Posse. Constituto possessório. Enriquecimento sem causa
POSSE. CONSTITUTO POSSESSÓRIO. ENRIQUECIMENTO SEM CAUSA
APELAÇÃO Nº 1485/14.3TBLRA.C1
Relator: LUÍS CRAVO
Data do Acordão: 09-01-2018
Tribunal: TRIBUNAL JUDICIAL DA COMARCA DE LEIRIA – LEIRIA – JC CÍVEL – JUIZ 2
Legislação: ARTS.342, 473, 1252, 1264, 1268, 1311 CC
Sumário:
- O art.1264º do C.Civil ao dispor que «se o titular do direito real, que está na posse da coisa, transmitir esse direito a outrem, não deixa de considerar-se transferida a posse para o adquirente, ainda que por qualquer causa, aquele continue a deter a coisa» consagra legalmente a figura do constituto possessório que, como é sabido, é uma forma de aquisição solo consensu de posse, isto é, uma aquisição sem necessidade de um acto material ou simbólico que a revele.
- Se o proprietário, que habitava uma fracção habitacional, por contrato de compra e venda titulado por escritura pública, tiver vendido a mesma, mas continuado a residir nela com consentimento e autorização dos adquirentes, o que resulta é que aquele perdeu a posse, por ausência do elemento intencional (solo animo), pois que, de sujeito da posse, se converteu em detentor.
- Na verdade, verificou-se aqui a figura dogmática do referido constituto possessório, na medida em que a entrega da coisa objeto de um contrato de compra e venda ou a investidura do comprador na sua posse efectiva não ocorre só pela tradição material ou simbólica da mesma, pois que esta investidura pode fazer-se também através do constituto possessório.
- A falta originária ou subsequente da causa justificativa do enriquecimento assume a natureza de elemento constitutivo do direito, pelo que, a simples prova da obtenção de uma vantagem patrimonial não pode servir de fundamento para pedir a sua restituição, cabendo antes ao autor do pedido de restituição, por enriquecimento sem causa, o ónus da prova dos respetivos factos integradores ou constitutivos, incluindo a falta de causa justificativa desse enriquecimento, mesmo em caso de dúvida, cujo incumprimento se resolve em seu desfavor.
- Assim, quando a ação de enriquecimento sem causa se funda na circunstância de ter ocorrido uma poupança de despesas pelos demandados, o demandante (empobrecido) precisava de demonstrar que não existia qualquer causa para tanto.
- As regras e/ou os princípios do nosso sistema jurídico associam a fruição/ocupação de uma habitação ou ao pagamento monetário correspetivo por quem beneficia de tal situação (geralmente uma renda mensal), ou a quaisquer contrapartidas ao proprietário, por essa ocupação/fruição, por parte de quem ocupa/frui.
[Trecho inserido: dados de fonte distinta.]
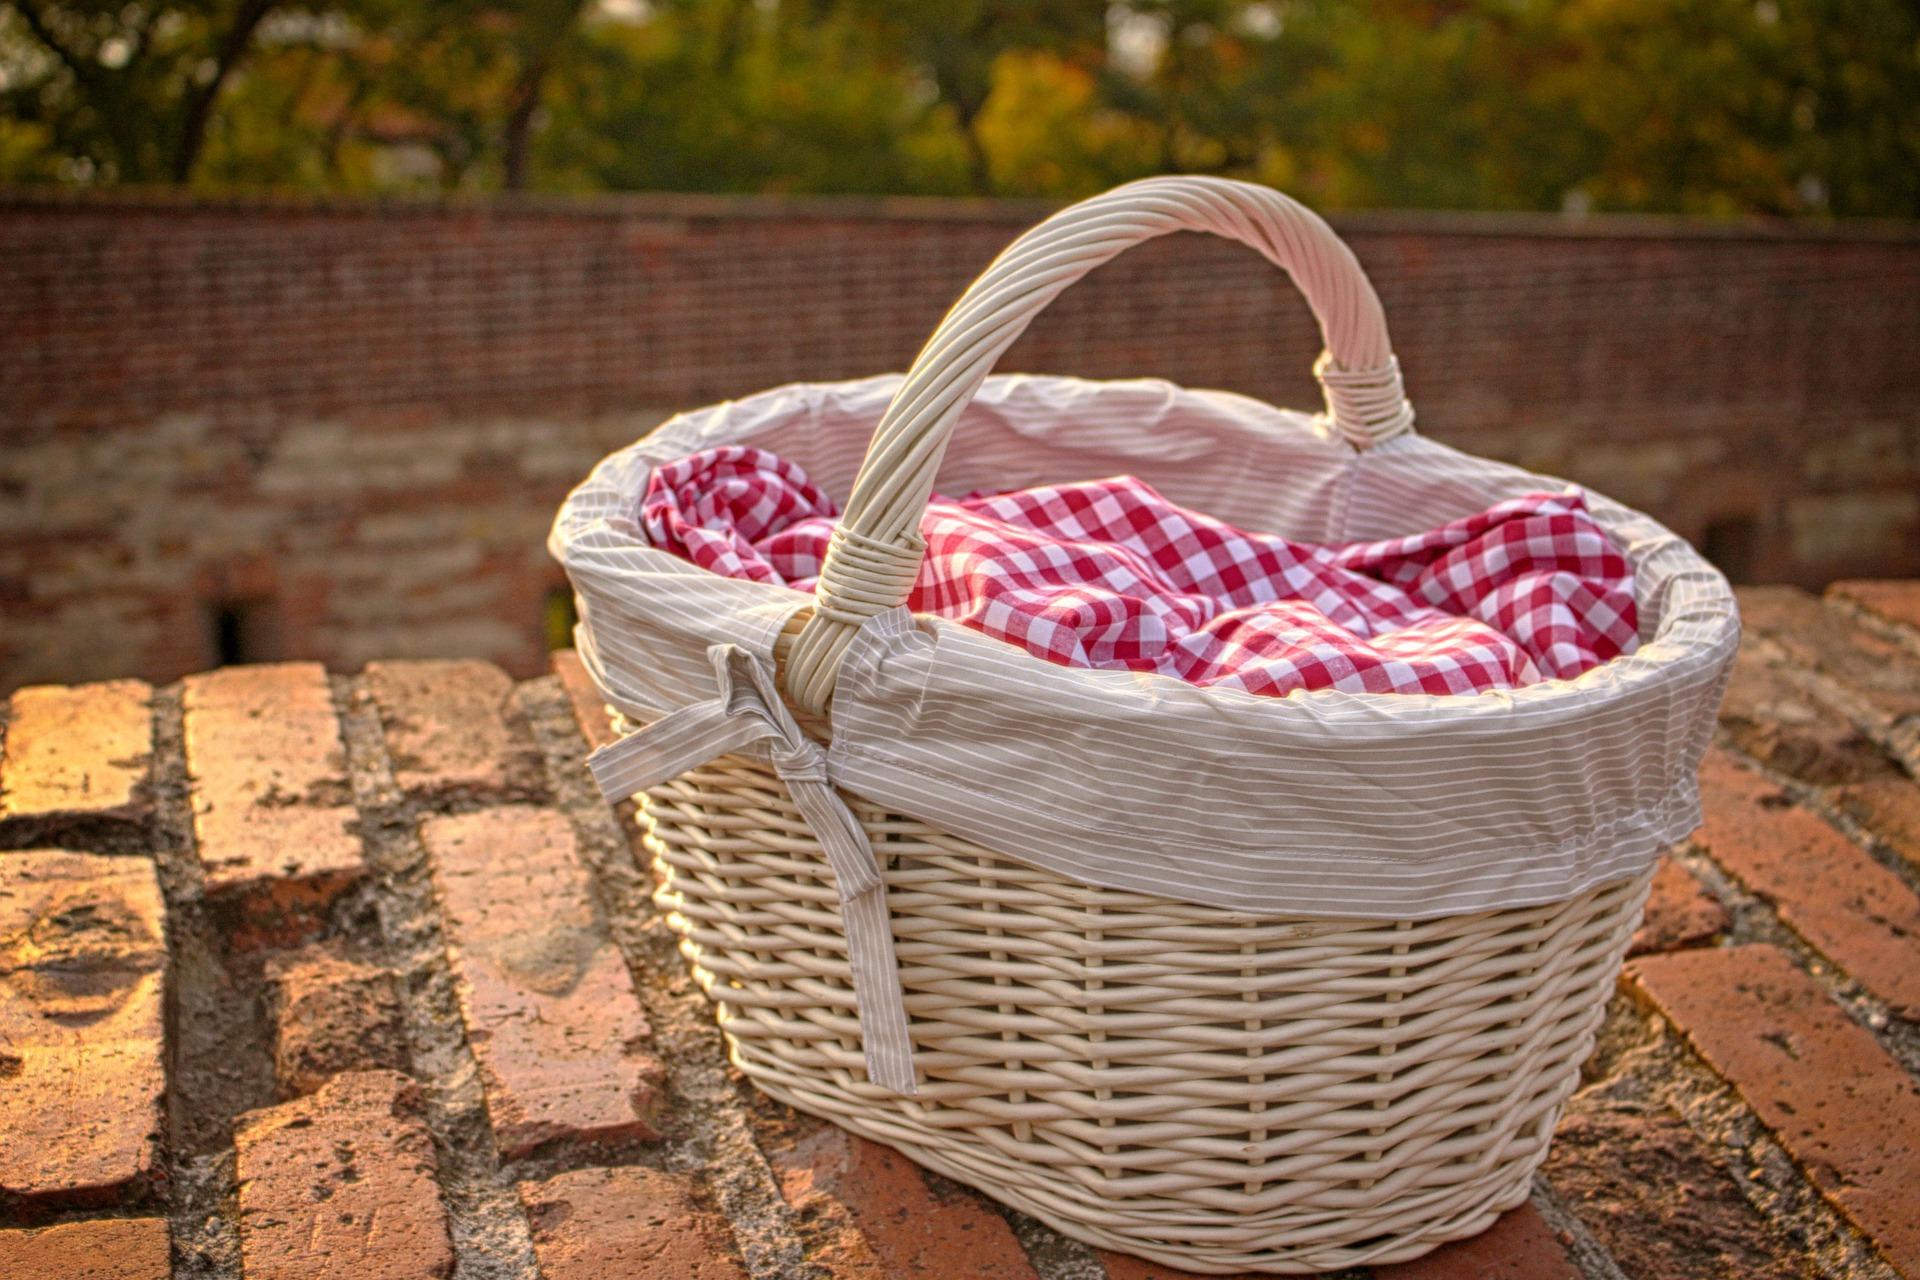 basket-2594872_1920.jpg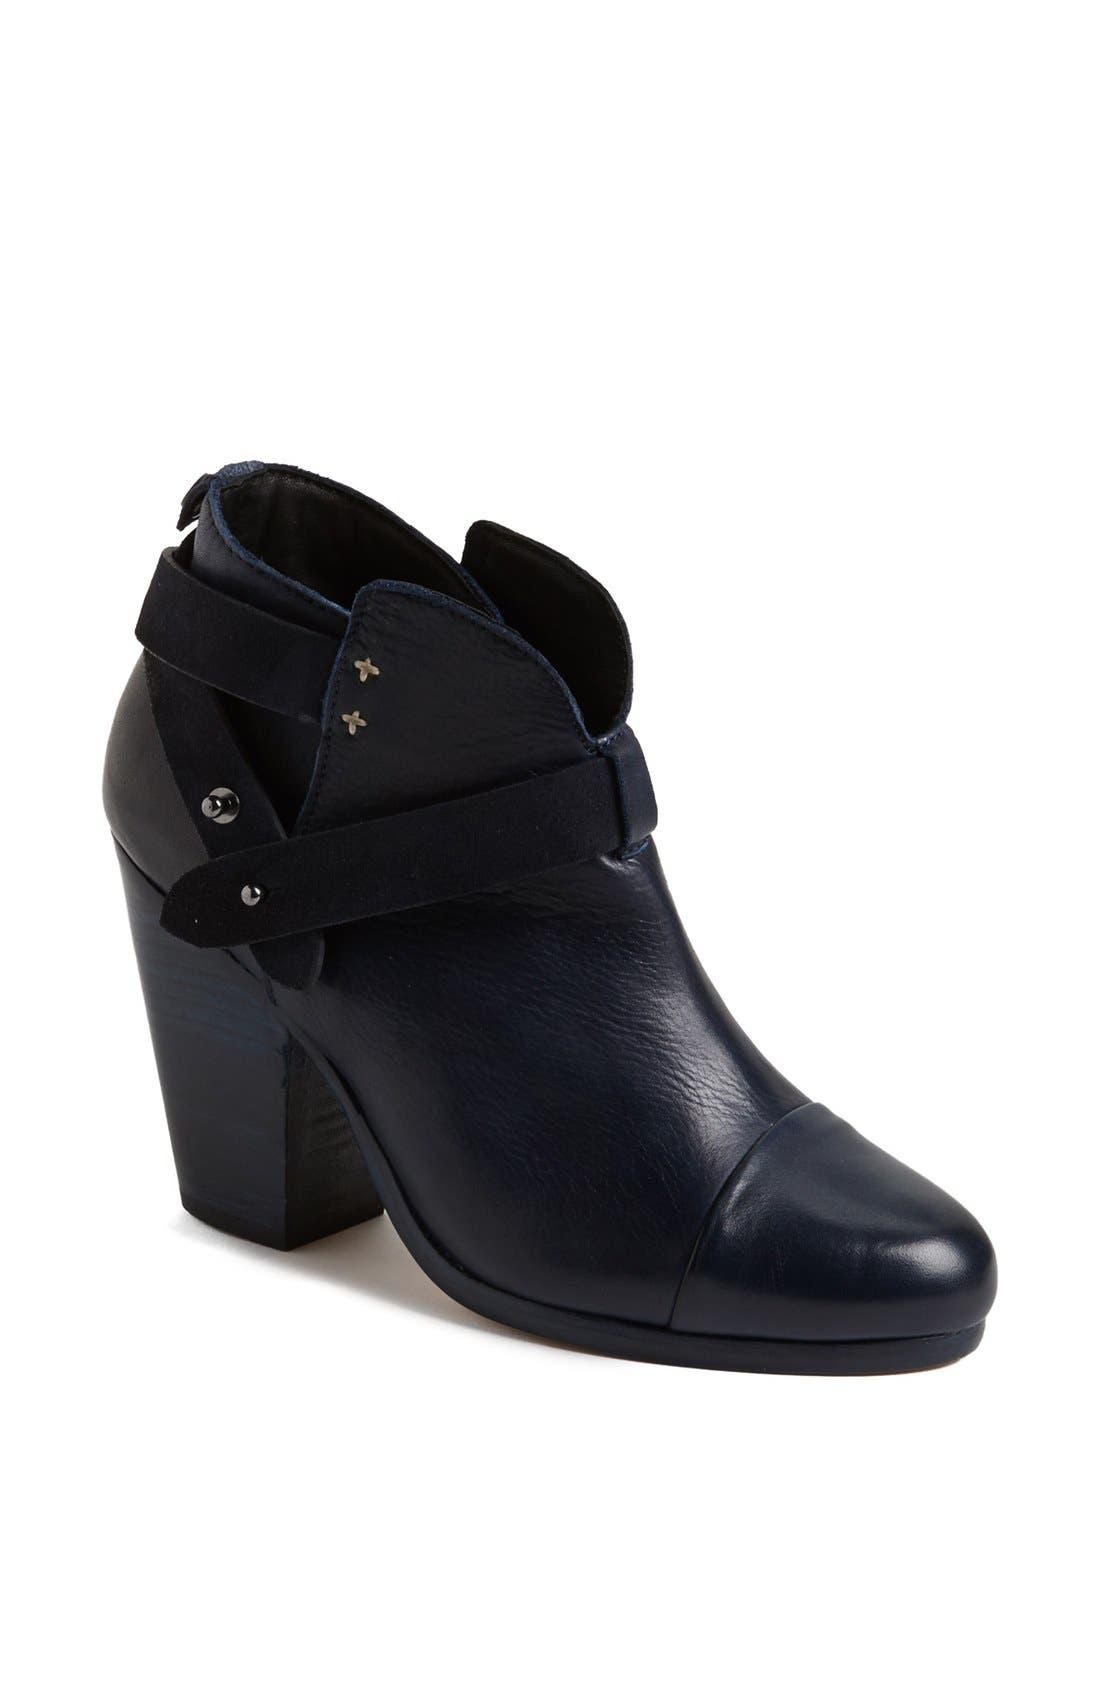 Main Image - rag & bone 'Harrow' Ankle Boot

- Existindo na circunstância uma natural ou presumida causa para a deslocação patrimonial ocorrida (pagamento dos encargos do imóvel, mais concretamente do imposto municipal, do condomínio e dos seguros pelo R.), qual seja, “compensar” os aqui AA. pela ocupação/fruição da fracção que teve lugar, divisa-se uma justificação para a deslocação patrimonial ocorrida (a favor do enriquecido e à custa do empobrecimento de alguém), isto é, está legitimado o enriquecimento, improcedendo a pretensão restitutória com base no instituto do enriquecimento sem causa.